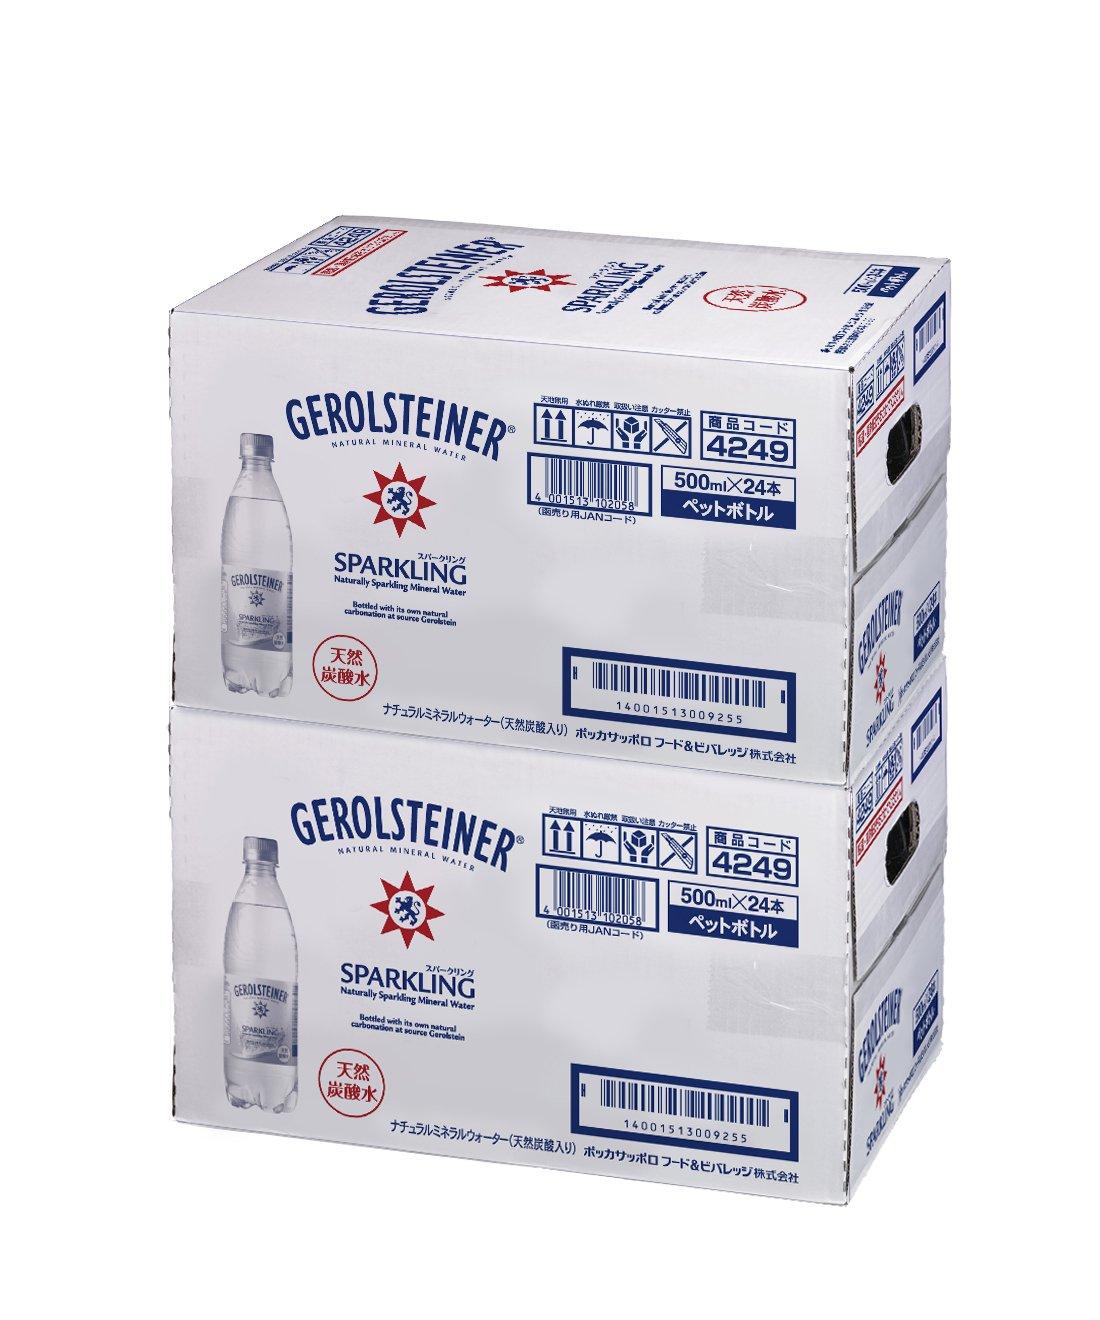 Sapporo GEROLSTEINER (Gerorushutaina) (500mlX24 present) X2 boxes by GEROLSTEINER (Gerorushutaina)
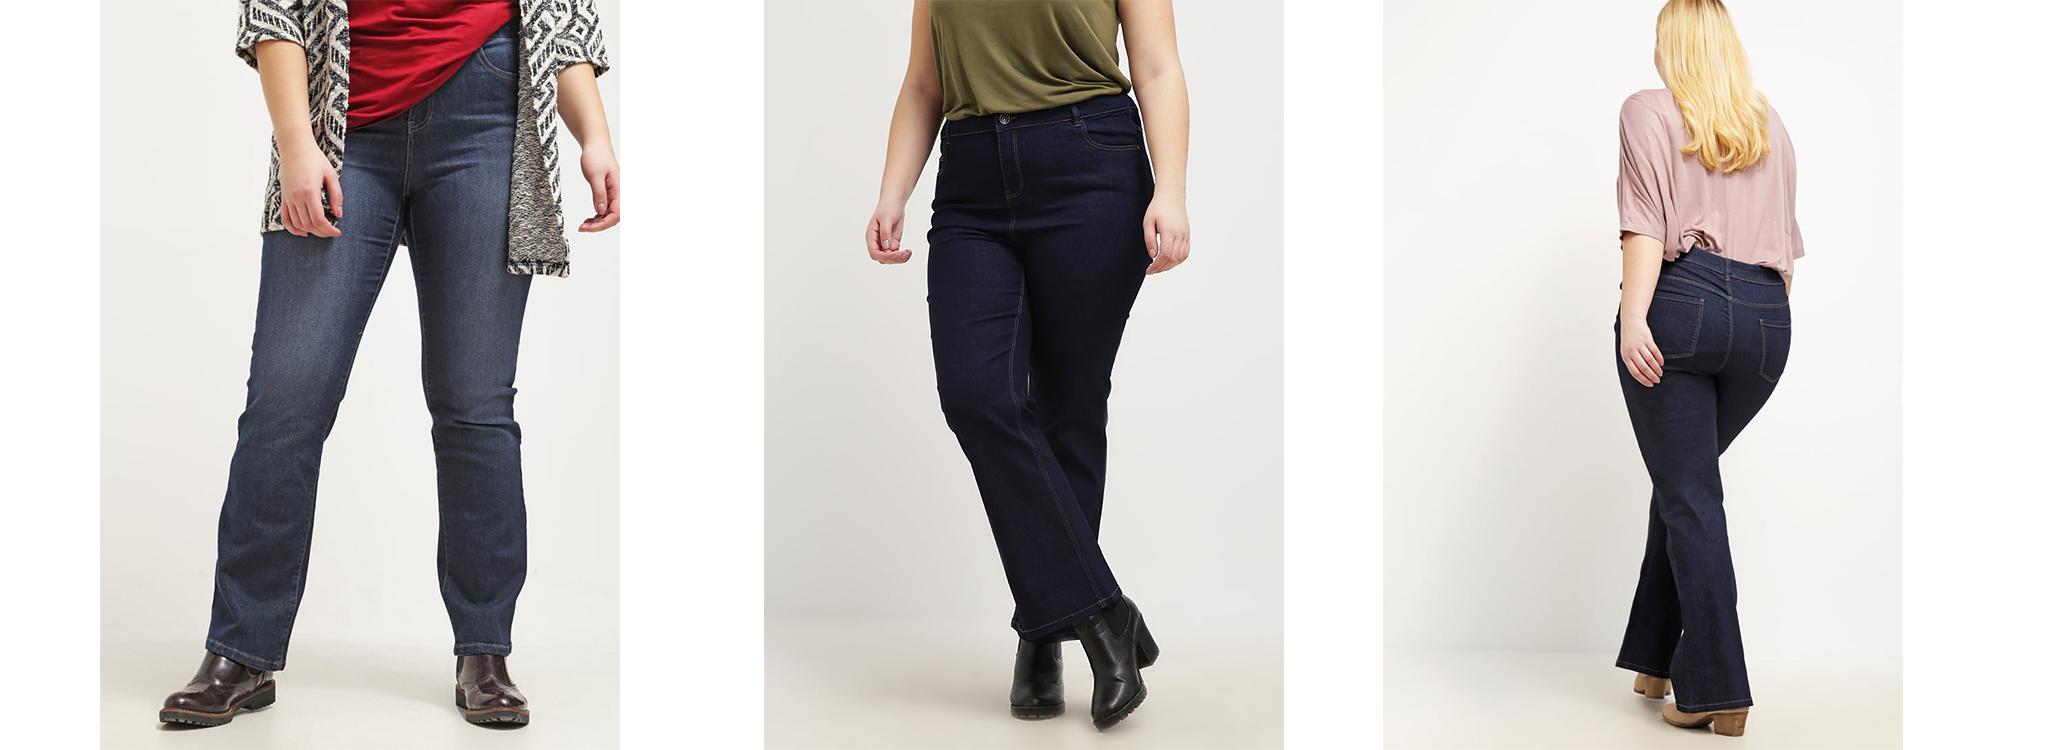 f0e0bcd0a18b8 Spodnie dla puszystych - jakie fasony wybrać na co dzień i na ...
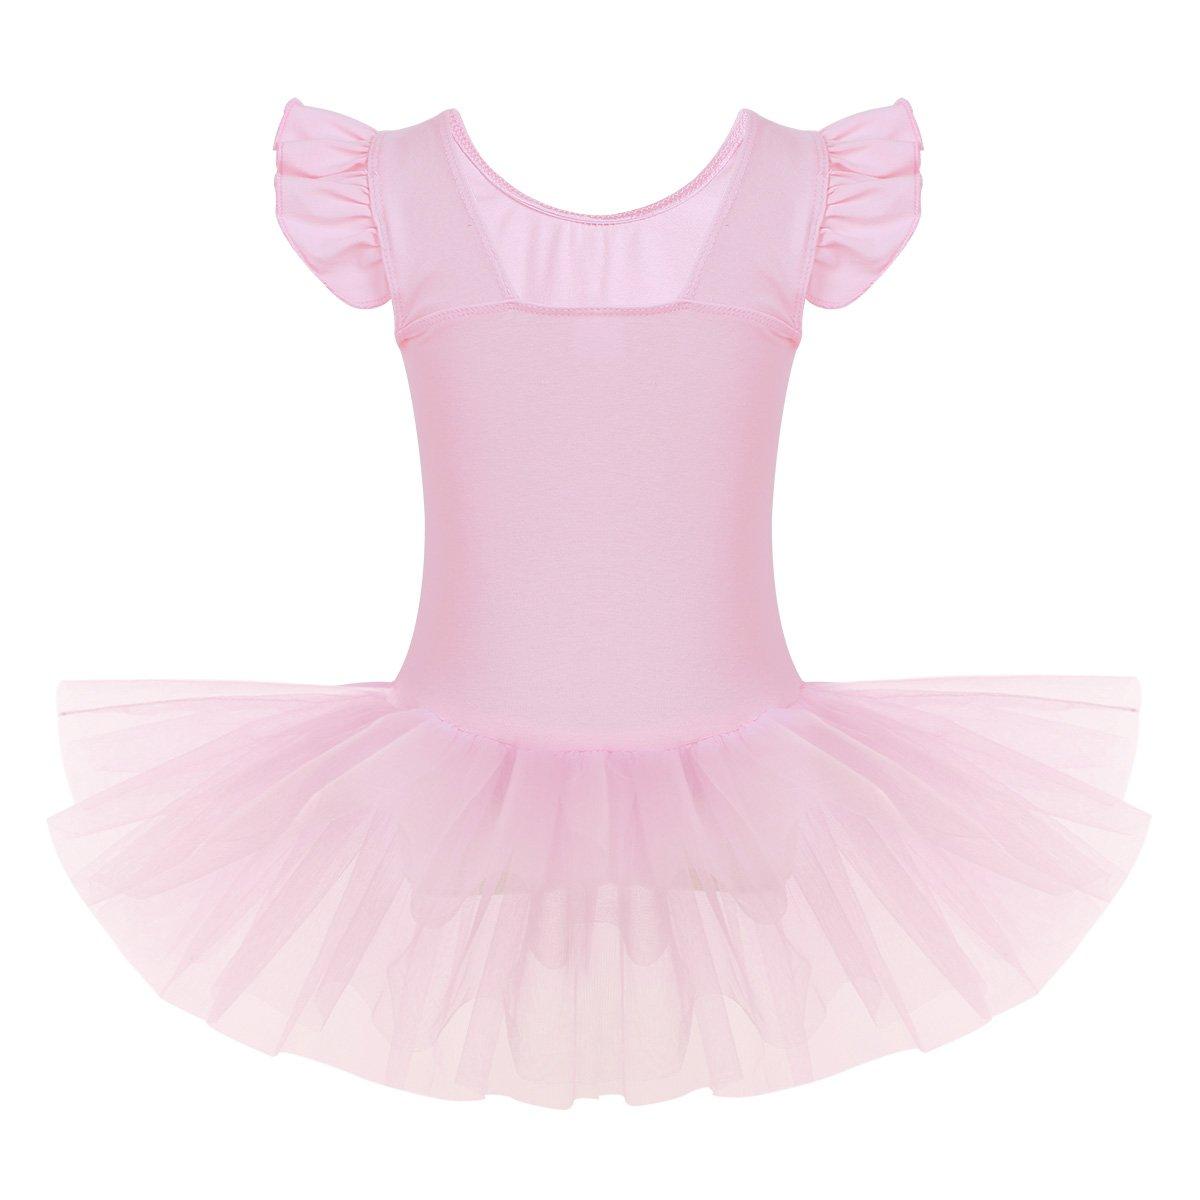 587339b3c10e iiniim Girls Tutu Ballet Leotards Dance Dress Little Girls Gymnastics  Ballerina Fancy Fairy Costume

AIM OF THE TASK: The task calls for every line of the data to be returned exactly, without pictures.

PROBLEM SOLUTION:
 Sapporo GEROLSTEINER (Gerorushutaina) (500mlX24 present) X2 boxes by GEROLSTEINER (Gerorushutaina)
 f0e0bcd0a18b8 Spodnie dla puszystych - jakie fasony wybrać na co dzień i na ...
 587339b3c10e iiniim Girls Tutu Ballet Leotards Dance Dress Little Girls Gymnastics  Ballerina Fancy Fairy Costume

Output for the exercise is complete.